After reading a half-dozen in-depth preview posts, you’ll notice certain points appear over and over again. The distinctive interface, composed of “tiles,” a blend between widgets and icons, and “hubs,” which let you view your content myriad ways, is simple, fast, and refreshing. Its onscreen keyboard, which conveniently keeps the period and comma visible at all times, rivals the iPhone’s in the ease of use department. The browser, while not as fast as the iPhone or Android’s, is nevertheless the best Microsoft has created to date.

And yet, a range of shortcomings left multiple previewers worried that the OS would feel disappointing, half-baked at launch time, a throw-back to the first-gen iPhone OS. These include its well-publicized lack of copy-and-paste and multitasking for third-party applications, a complicated phone app, too-basic Gmail support, SMS exchanges in which both parties’ texts appear in same-colored talk bubbles, an inability to search e-mails stored on, say, Gmail’s server, and a dearth of editing tools in the Office Hub.

Does Microsoft’s ability to build an attractive OS from scratch outweigh its imperfections? Click through to see highlights from the previewers’ posts, and find links to the original hands-on as well.

Engadget:

“Some parts of Windows Phone 7 are more like a wireframe — an interesting design study, an example of what a next-gen phone platform could be. That’s both good and bad. On one side, we’re still really excited by the prospect of Metro as a viable, clean-slate approach to the mobile user experience, and there are lots of smart moves being made that could lead to greatness. On the other side, Microsoft has to turn this into a viable retail product that can hang with the fiercest competition in the history of the cellphone in just a few months’ time, and there are some serious issues that need to be addressed. Frankly, it’s a little scary.”

Gizmodo:

“Making Windows Phone something that people want to buy is going to require the most herculean effort the company’s made in a long, long time. Windows Vista and 7 style onslaughts for mindshare. It has to snag developers and users, by the screaming bucketful. Microsoft has to want it bad enough. Fortunately, Windows Phone 7 might just be good enough.”

Slashgear:

“We’ve handed the phone to several people, and there’s a worrying sign that people just don’t “get it”.  In fact, after a few basic questions – ‘are there apps?’; ‘can I play games?’; ‘can I Twitter?’ – we generally got the Windows Phone 7 device back after a minute or two, often with the comparison that it felt like “a first-gen iPhone.’ “

MobileCrunch:

“Windows Phone 7 is actually really, really pretty. It’s not pretty in the same sense as the iPhone, where its beauty comes from order — and it’s not pretty in the same sense as webOS, where its beauty comes from gradients, translucency, and rounded corners. It’s pretty in its own, intensely-minimalist way. It is, as everyone says when they first see it, very Zune-esque.

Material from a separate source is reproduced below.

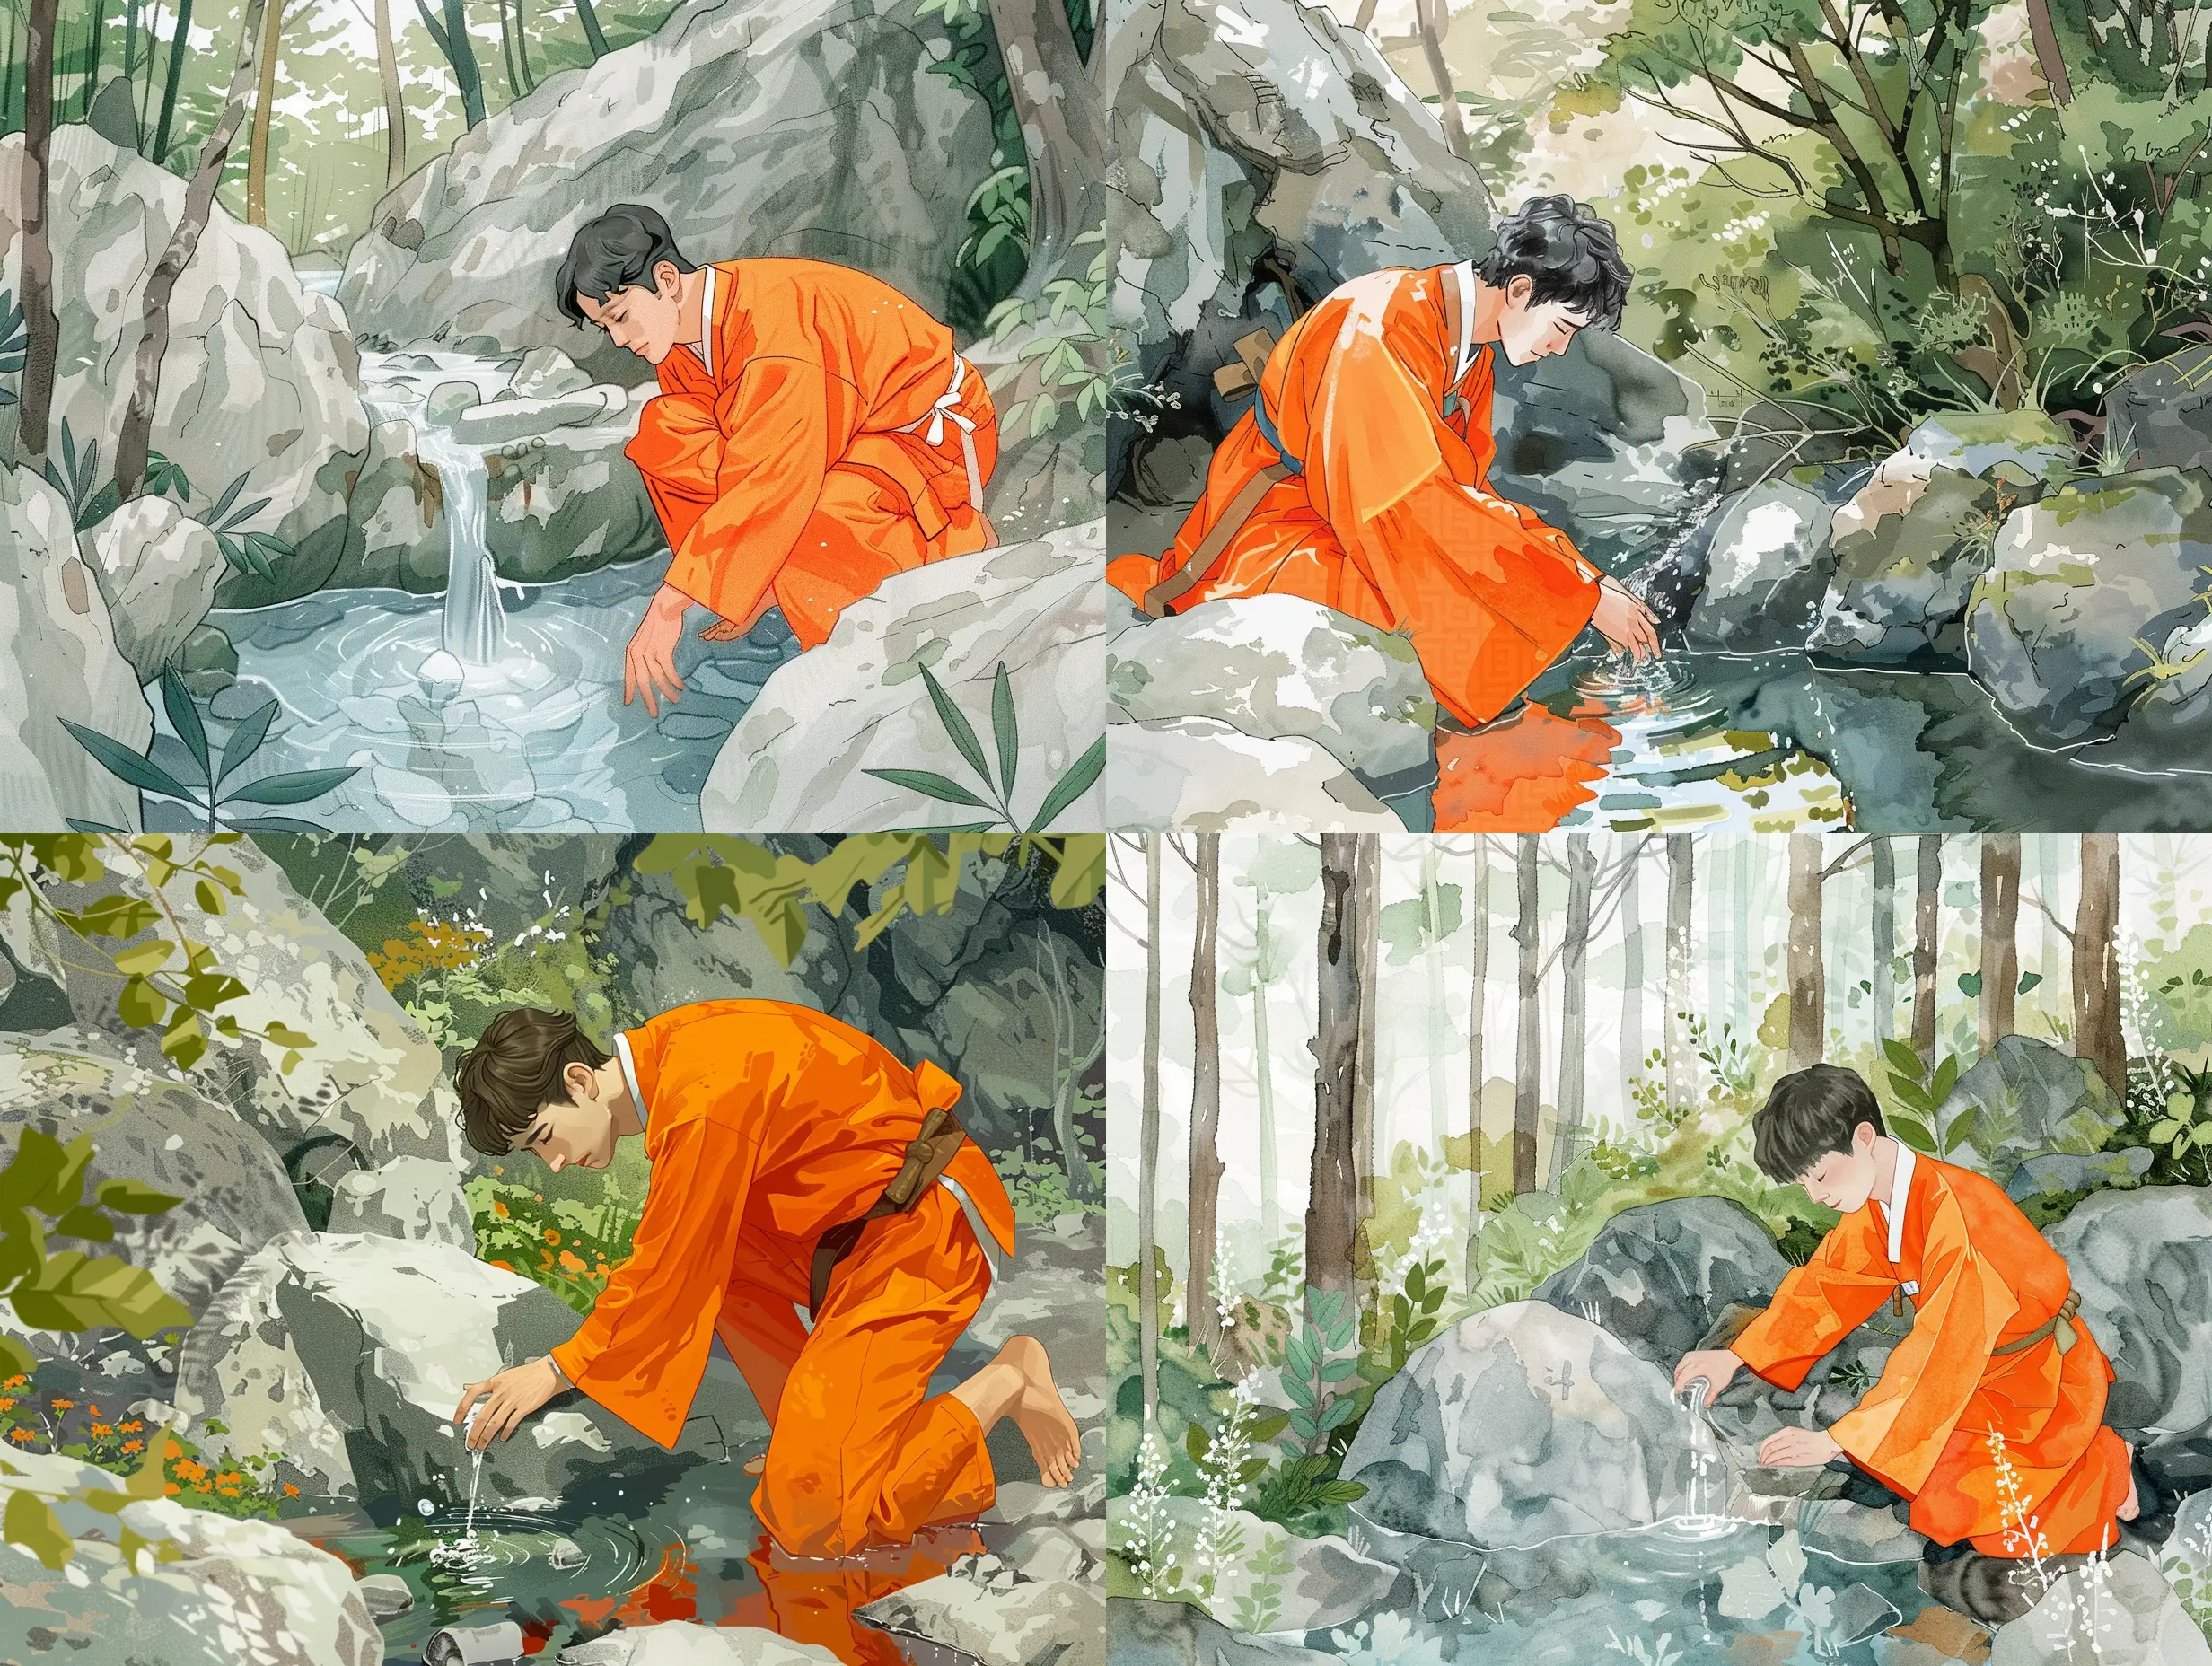 Illustration like fairytale about young handsome Korean man in orange kimono, he is in the mountain forest finds a spring flowing under the rock and the water in it is clear and clean. He approached the spring, knelt down and let him drink the water

Screenshots don’t do it justice, primarily because everything is animated. Tap an icon, and it floats in the air as the other applications glide out of view. Click into a date on the calendar, and the camera zooms through it like it’s a rabbit hole, emerging in front of the respective day’s agenda. There’s a fine line between animations adding to the experience and animations being so overly flashy that they make the entire thing seem unresponsive, and Microsoft is tiptoeing it well.”

Boy Genius Report:

“There’s practically no real innovation we can see with Windows Phone 7. It’s a decent mashup of some already pioneered features like aggregated status updates linked with your contacts, customizable homescreens, and a mobile apps and music marketplace, but we’re not sure that’s enough to push WP7 ahead of the three big juggernauts. It’s a fantastic featurephone, but as a truly competitive smartphone platform, we’re just not sure at this point in time.”

ZDNet:

“I will definitely be purchasing a device as soon as I can.”